В христианской апологетике и патристике, по меньшей мере до наступления эпохи Феодосия Великого, отношение христиан к военной службе и войне было нечетким, рас­плывчатым и нередко неоднозначным. Даже в высказыва­ниях одного и того же автора, сделанных в разное время и по разному поводу, легко обнаружить противоречия и непоследовательность, изменение взглядов. Все попытки сгладить эти противоречия носят антиисторический харак­тер. Сопоставление различных позиций поможет пролить свет на смысл выбора, сделанного церковью в эпоху после Константина Великого, увидеть те причины, которыми она руководствовалась, определяя свое отношение к вой­не.

«Письмо Диогнету» (Epistola ad Diognetum), которое некоторые приписывают апологету и мученику Юстину,— интересный пример того, как христиане первой половины II в. могли понимать связь между своей верой и окружаю­щим миром. В документе утверждается, что христианину позволено быть участником земной жизни. Более того, ав­тор советует не уходить от мирских забот, не погружаться в апатию. При этом христианин должен проявлять осто­рожность, чтобы не запятнать себя идолопоклонством. Ему следует воздерживаться от государственной службы, от профессий, непосредственно связанных с обычаями идо­лопоклонников, избегать зрелищ и, разумеется, службы в армии.

Примерно в то же самое время (ок. 150 г.) Юстин на­правил императору Антонину Пию свою первую апологию, целью которой было показать, в какой мере христианство совместимо с гражданской жизнью и что христиане, если их не ставить перед необходимостью конфликта со своей совестью, могут быть хорошими гражданами.
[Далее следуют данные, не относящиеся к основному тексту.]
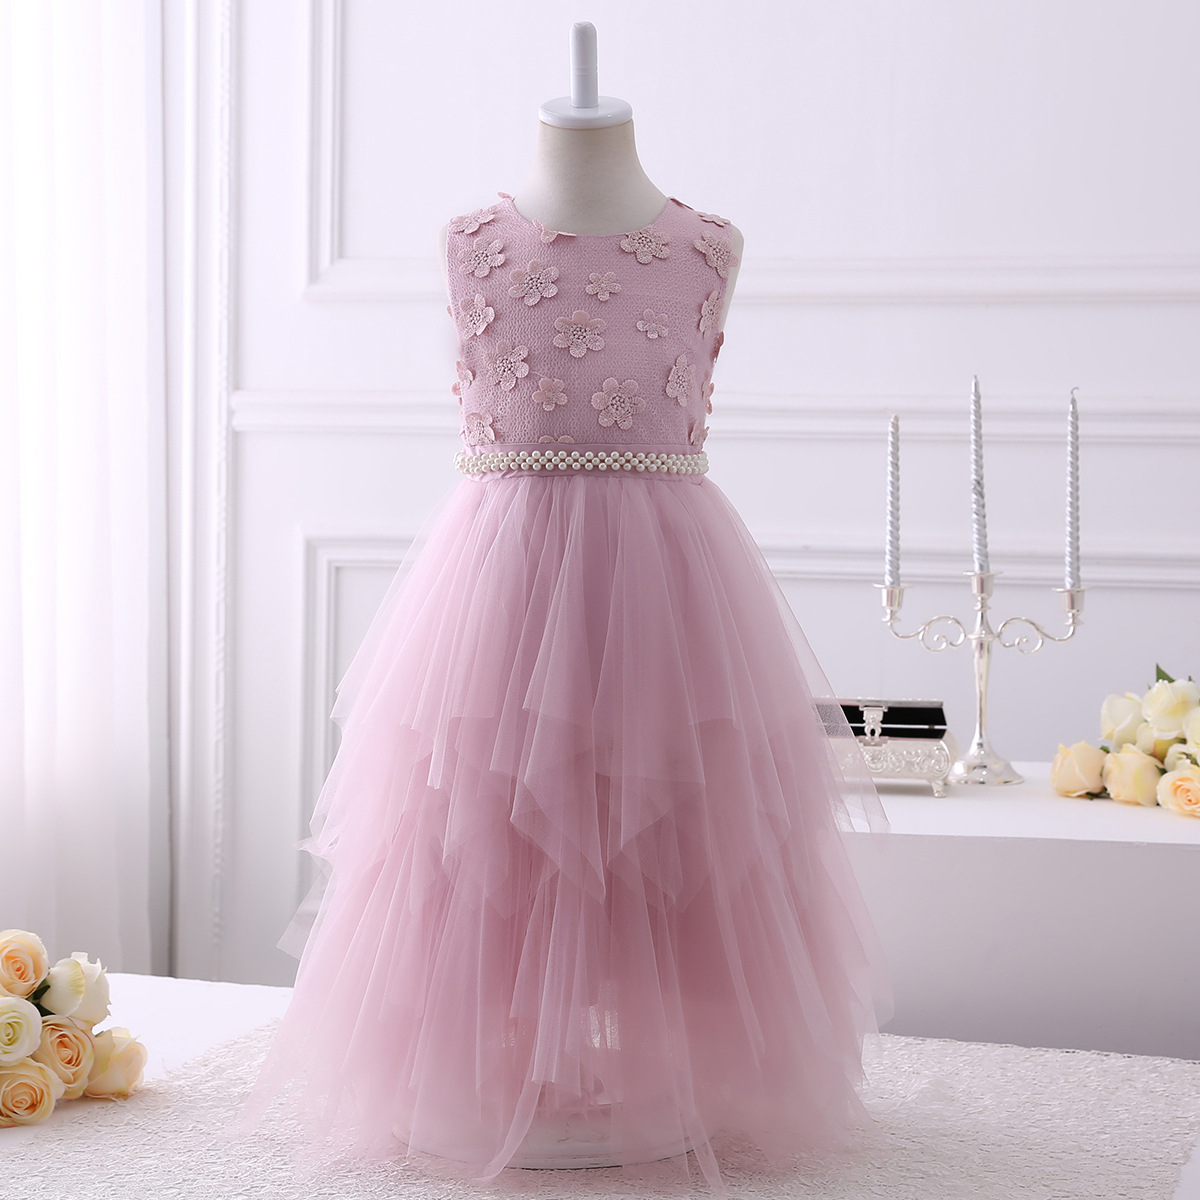 Blush Pink Flower Girl Dresses,lace Applique Flower Girl Dresses,girls Dresses 2018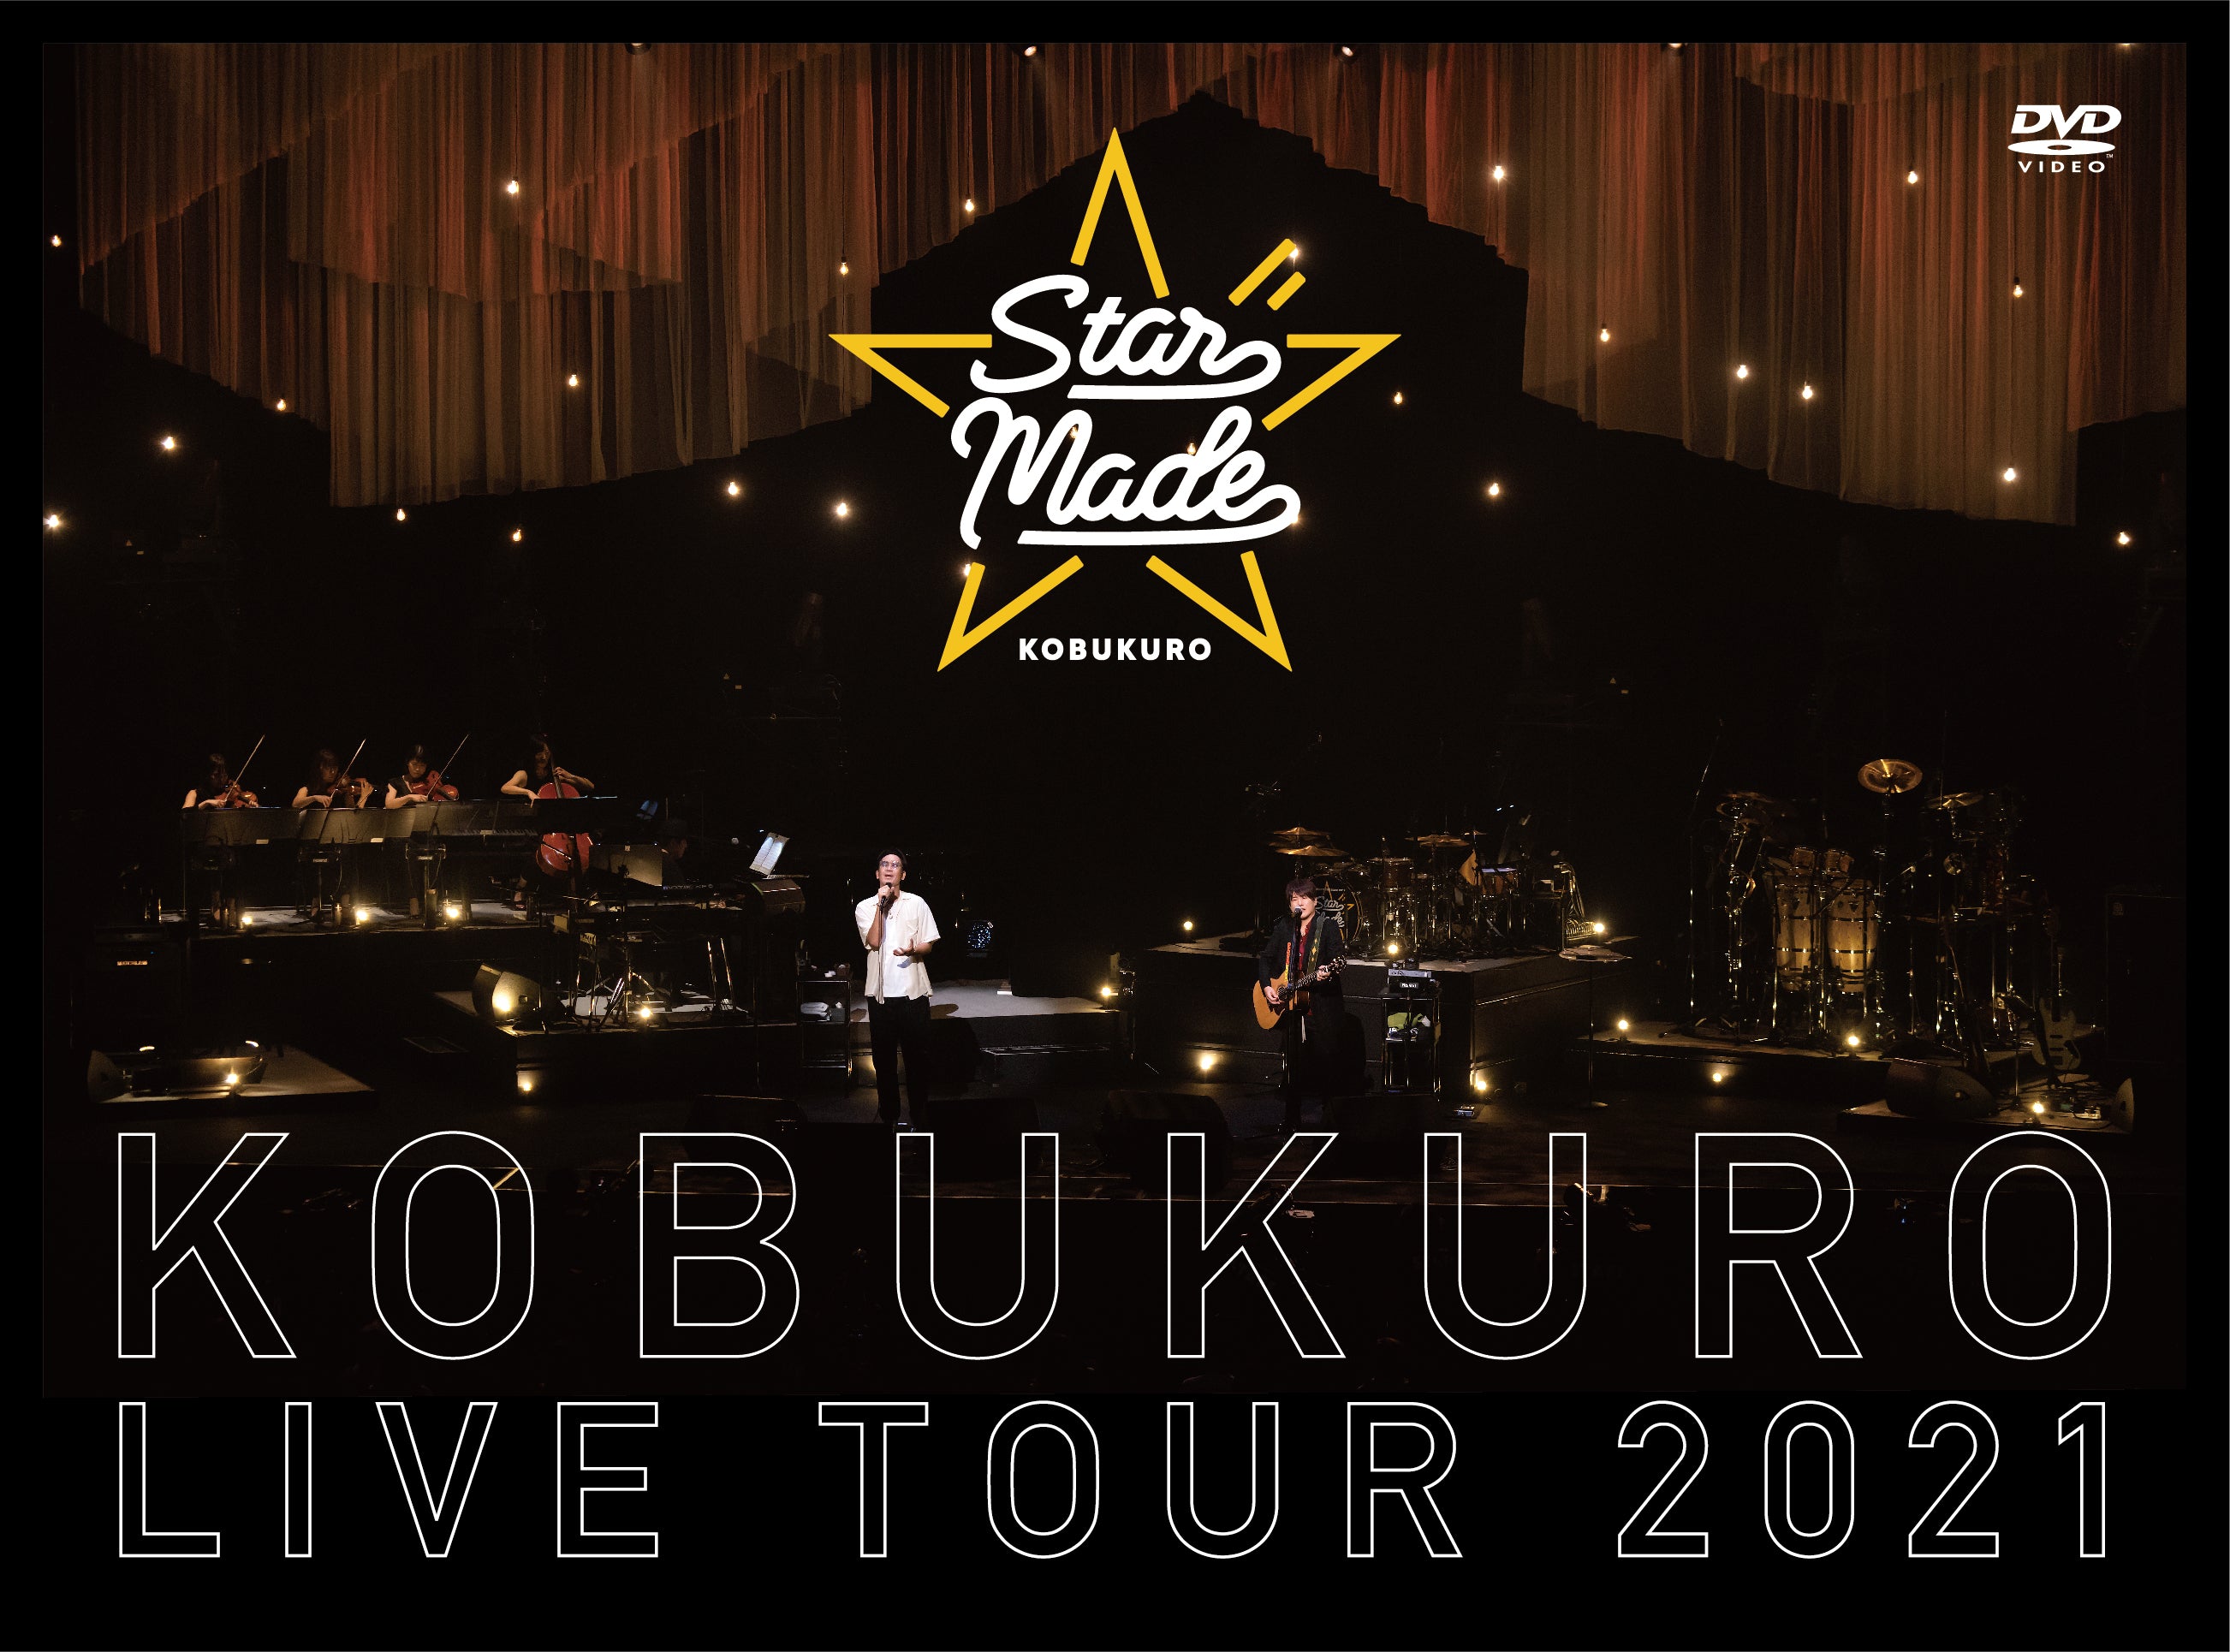 【TEAM KOBUKURO】KOBUKURO LIVE TOUR 2021 ”Star Made” at 東京ガーデンシアター〈ファンサイト会員限定盤〉 DVD

Однако это всего лишь одна из возможных тенденций. Хотя Юстин и был крупным апологетом, его позиция не может считаться типичной и образцовой. Необходимо учи­тывать время, условия и среду, в которых формировалась та или иная позиция. Апологет Татиан, писавший в 165— 170 гг., отстаивал необходимость полного отказа христиан от всех мирских дел, следовательно, и от военной службы, и от участия в войнах, являющихся частью того мира, ко­торый следует отвергнуть. Татиан отрицает право воена­чальников командовать людьми так же, как он отвергает богатство, чувственные наслаждения, страх смерти. Пе­ред нами пример аскетической позиции, весьма непохожей на позицию Юстина, учеником которого был Татиан.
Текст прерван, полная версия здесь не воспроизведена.